ORDER
S. Kalyanam, Member (J)
1. This appeal is directed against the order of the Collector of Central Excise (Appeals), Madras confirming the order of the Assistant Collector of Central Excise, Rajapalayam, dated 12-6-87 and rejecting the appellant’s claim for refund of Rs. 22,807/-. The appellant is a manufacturer of millboard and filed a classification on 1-4-86 claiming the benefit of Notification No. 138/86, dated 1-3-86; the same was approved. Then subsequently the appellant filed a second classification on 6-5-86 claiming the benefit of Central Excise Notification No. 175/86, dated 1-3-86. The Asst. Collector of Central Excise accorded approval to the first classification giving the appellant the benefit of Notification No. 138/86 from 1-4-86 to 5-5-86 and accorded approval to the second classification granting the benefit of Notification No. 175/86 to the appellant on and from 6-5-86. The appellant took out a refund application claiming refund on the ground that if he were to avail of Notification No. 175/86 on and from 1-4-86, he would not have to pay any duty and therefore the duty paid on the goods cleared from 1-4-86 to 6-5-86 would become refundable to the appellant if the appellant were held entitled to the benefit of Central Excise Notification 175/86 with effect from 1-4-86. The plea of the appellant was rejected by both the authorities; hence the appeal.

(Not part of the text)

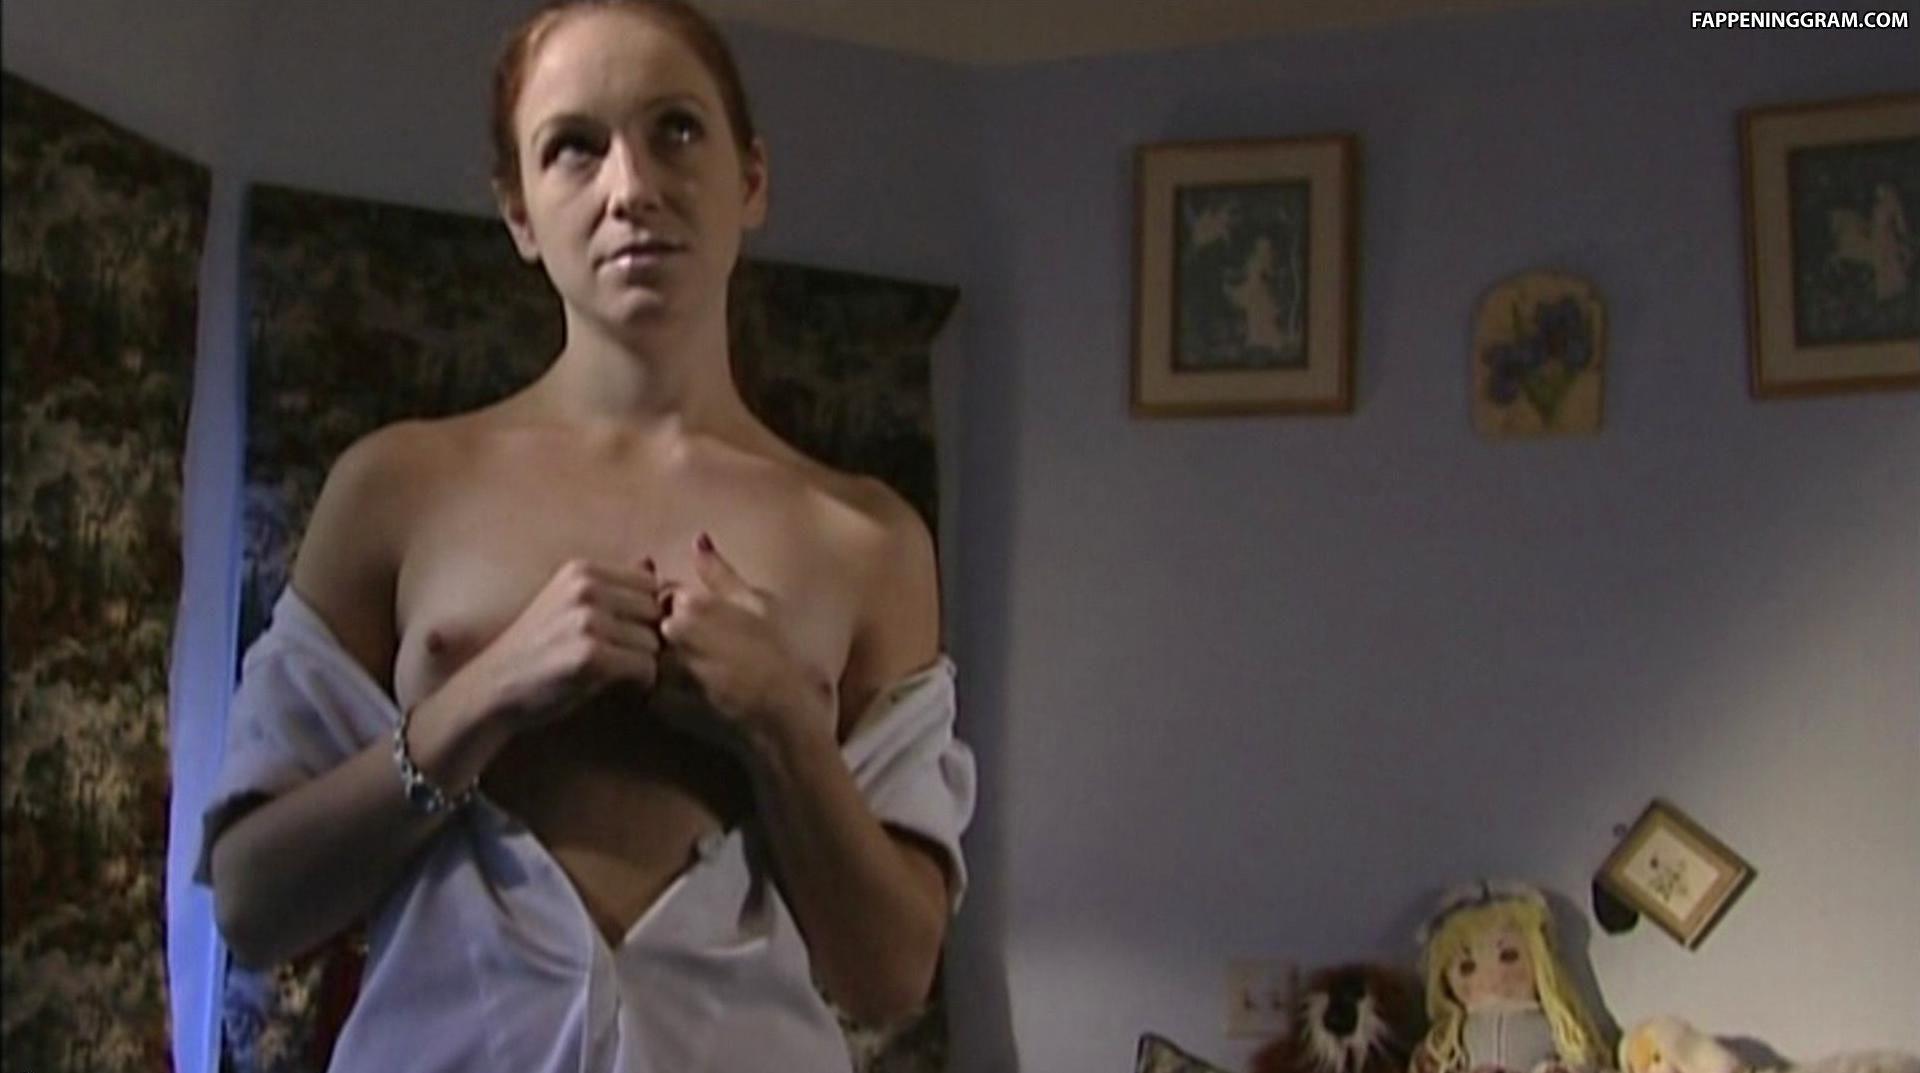 Michele scarabelli nude

2. Shri G. Subramaniam, the learned Consultant for the appellant submits that when the appellant is indisputably entitled to the benefit of Notification No. 175/86 and the fact that he did not choose to file a classification for the same on 1-4-86 and claim the benefit of a different notification in the first classification, should not be a ground to deny the appellant the benefit of Notification 175/86 and consequential relief of refund.
3. Heard Shri K.M. Vadivelu, the learned D.R.
4. I have carefully considered the submissions mader before me. I do no find any force in the submissions of the learned consultant; admittedly the appellant filed a classification on 1-4-86 seeking to avail the benefit of Notification 138/86 and admittedly the appellant did not claim the benefit of Notification 175/86 till after he filed a second classification on 6-5-86. In such a situation it does not stand to reason as to how the appellant can claim the benefit of Notification 175/86 retrospectively from 1-4-86 and more so, take out an application for refund on that basis. This aspect of the matter in the impugned order has been very succinctly summed up by the learned Collector (Appeals), as extracted below:
“In the present case, they have opted for classification under Notification 138/86 with effect from 1-4-86. That classification was correct, because the provisions of Notification 175/86 cannot be applied where an assessee avails benefit of Notification 138/86, because benefits of two notifications cannot be availed at the same time. Therefore, till they filed a classification list on 6-5-86, they were paying correct amount of duty calculated under the provisions of Notification 138/86. From the date i.e. 6-5-86 when they have claimed Notification 175/86, they are entitled to that notification and they are not entitled to the other notification i.e. 138/86. The Asst. Collector has sanctioned the refund for the period from 6-5-86. I find that during this period, there has been no excess payment by mistake. Payment has been made following Notification 138/86 which was on the statute during this period. Therefore, the duty paid by the appellants are correct and legal. Merely because the other Notification 175/86 is more beneficial to them, it cannot be said that duty paid under Notification 138/86 is wrong payment of duty or excess payment of duty. Therefore, there being no excess payment of duty, refund cannot be sanctioned, because Section 11B does not provide refund of duty which is correctly said.”
At this stage the learned Consultant submitted that Notification 260/86, dated 24-4-86 precluded one from claiming the benefit of Notification 175/86 if one had availed of Notification 138/86 and this prohibition having come into force on and from 24-4-86, so it should be presumed that it is open to a person to change his stand and claim the benefit of a different notification, though not specifically claimed in the classification. I do not find any force in the submission of the learned Consultant in the context of this case because it is nobody’s case that the appellant claimed the benefit of Notification 175/86 at any time prior to 6-5-86. I do not, therefore, find any merit in the appeal and the same is accordingly rejected.